We are going to use following environment:
- Kafka Consumer Origin [Kafka 2.7]
- Elasticsearch Destination [Elasticsearch Library 7.9.0]
Currently, the source Kafka topic "elastic" contains approximately 5327 records. Now, let's delve into the details of our pipeline setup:
- Stage1: Consumer will fetch records from topic with the rate of 1000 records per batch.
- Stage2: We are going to remove the some unnecessary field from each record.
- Stage3: Credit card details will be masked and only last 4 digit will be visible.
- Stage4: Upload the data to Elastic with index customer_data.
To run this pipeline, We need to setup the Elasticsearch deployment and get the username password + endpoint details from the ElasticSearch » Deployment section.
After successfully validating the pipeline, we proceeded to start the pipeline, which in turn successfully processed approximately 5387 records from Kafka to Elasticsearch. Here is the screenshots of pipeline execution:
Now that all the data has been ingested into Elasticsearch, we can verify its presence by performing a GET operation using the curl command from the postpan application.
Alternatively, you can also run a curl command directly from your local computer to confirm the data's successful ingestion.
That covers the process of connecting to Elasticsearch from the StreamSets Data Collector.
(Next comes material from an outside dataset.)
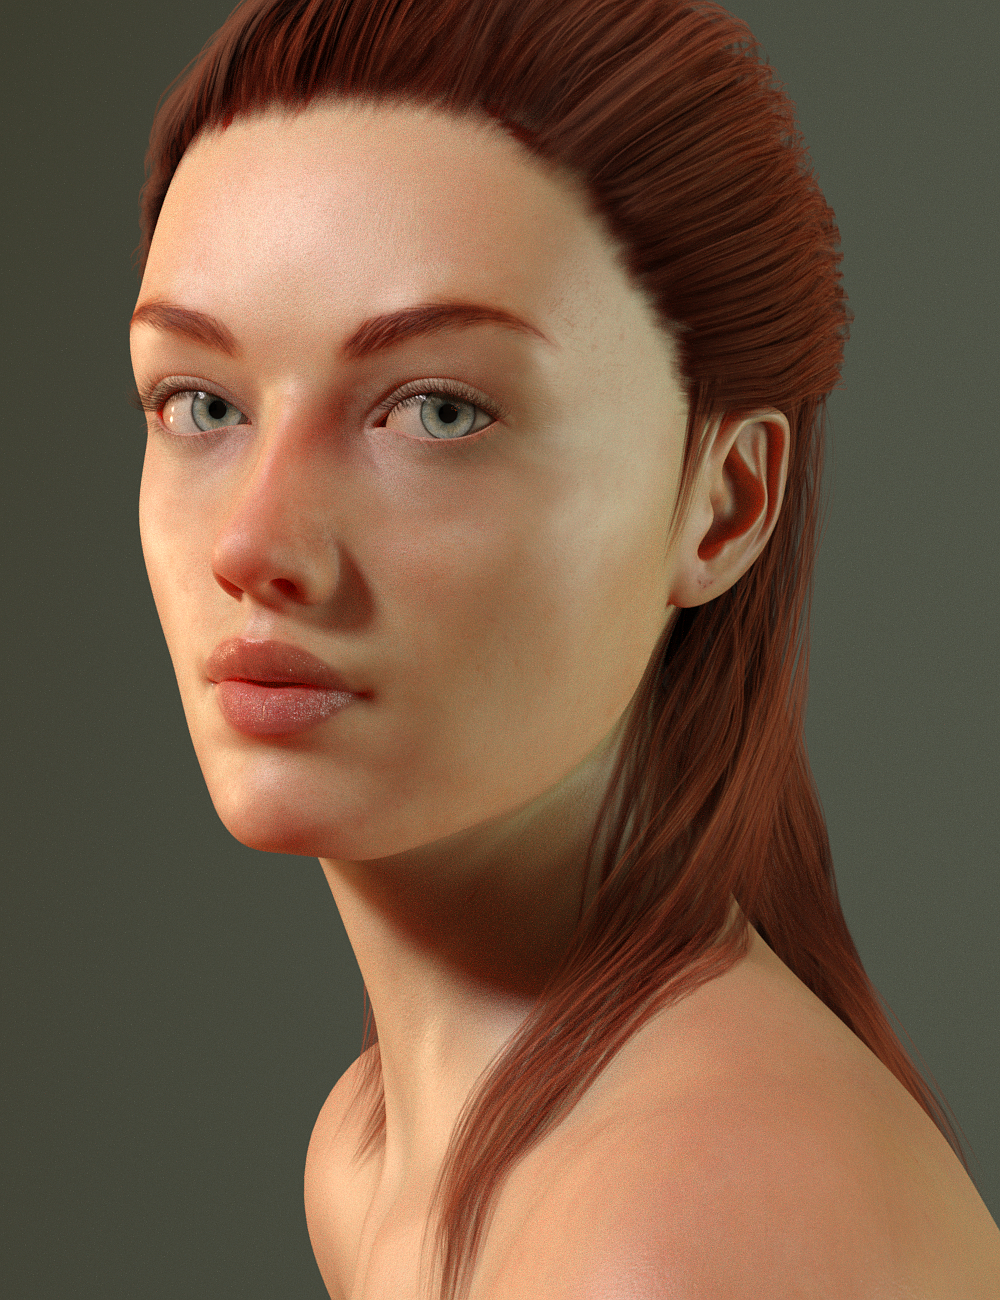 Natille for Genesis 8 Female by: Toyen, 3D Models by Daz 3D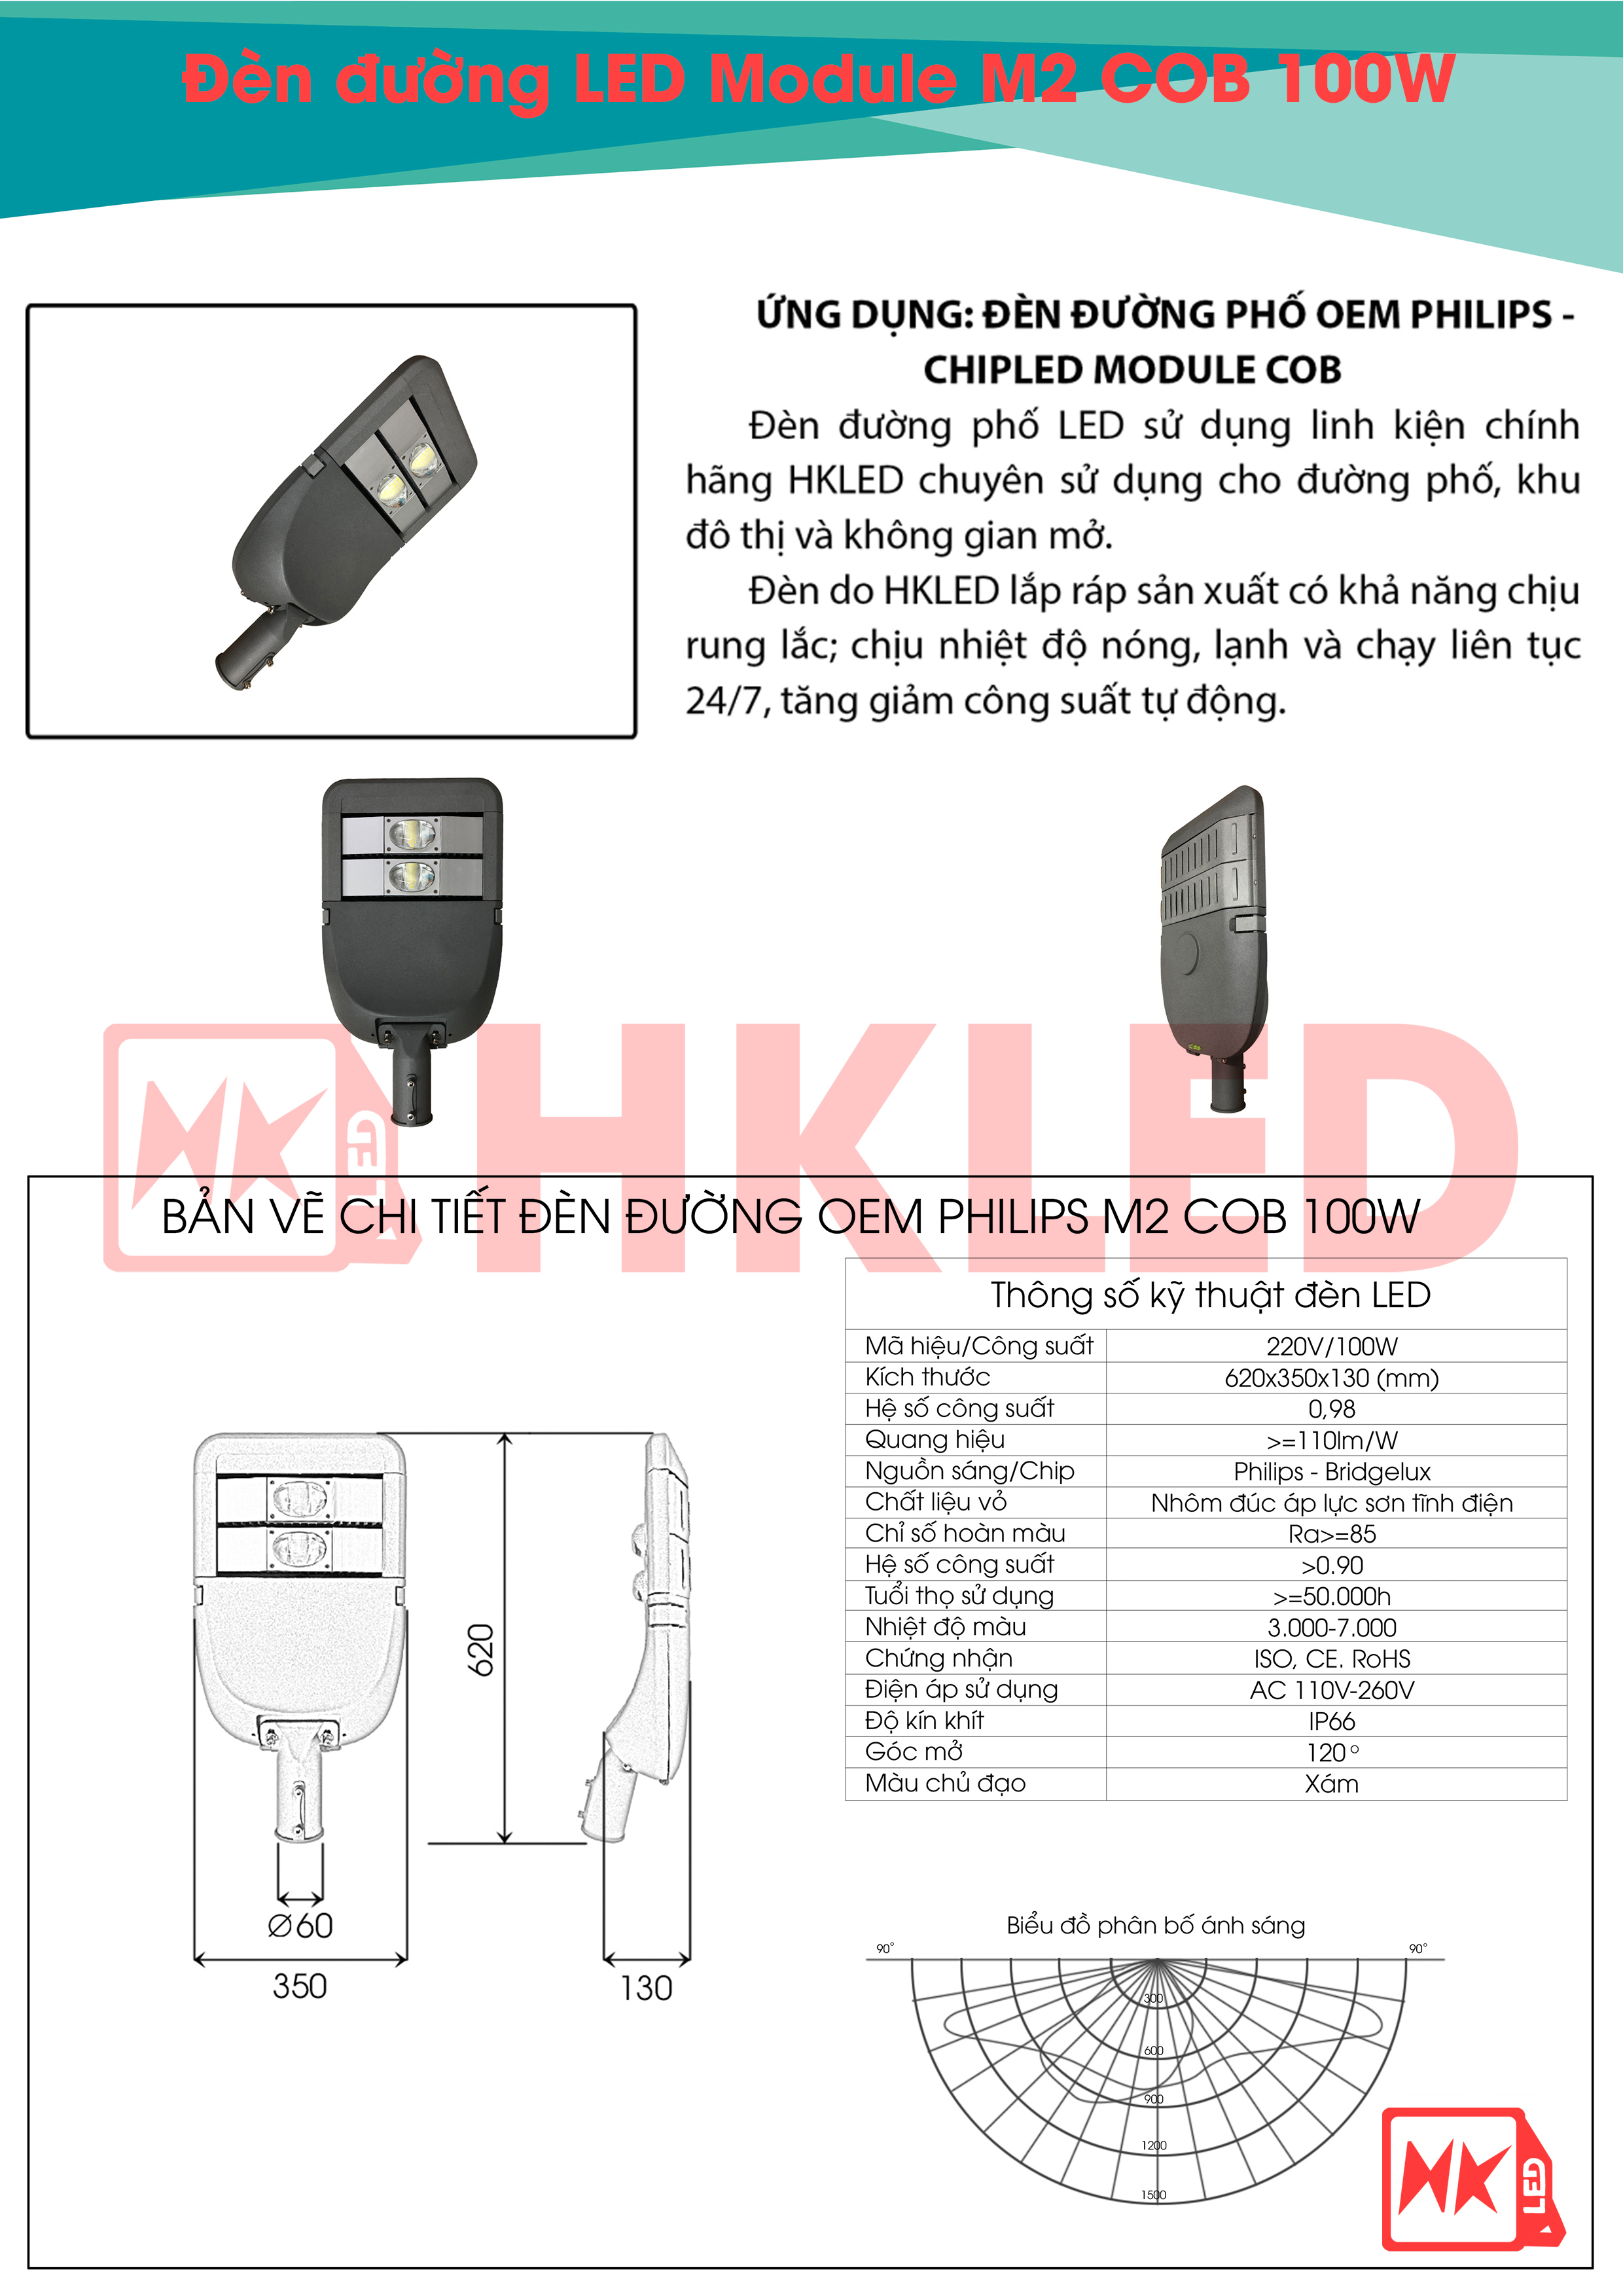 Ứng dụng, bản vẽ chi tiết và thông số kỹ thuật đèn đường LED OEM Philips M2 Module COB 100W

Before diving into working with Elasticsearch, it's important to familiarize yourself with some key Elasticsearch terminology. Here are a few terms you should know:
Shard: A shard is a subset of a larger index in Elasticsearch. When you index data into Elasticsearch, it automatically divides the index into smaller, manageable pieces called shards. Each shard is a self-contained index that can be stored on a separate node in a cluster. Sharding allows Elasticsearch to distribute and parallelize data across multiple nodes, enabling horizontal scalability and faster search and retrieval times.
Indexing: Indexing in Elasticsearch refers to the process of adding or updating documents in an index. Documents are typically in the JSON format and represent individual data entities. When you index a document, Elasticsearch analyzes its content, extracts the relevant information, and stores it in an optimized data structure called an inverted index.
Document: In Elasticsearch, a document is the basic unit of information and represents a JSON object that contains data. A document can be any structured data, such as a customer record, a log entry, or a product description. Each document is uniquely identified within an index by a document ID, which can be manually specified or automatically generated by Elasticsearch.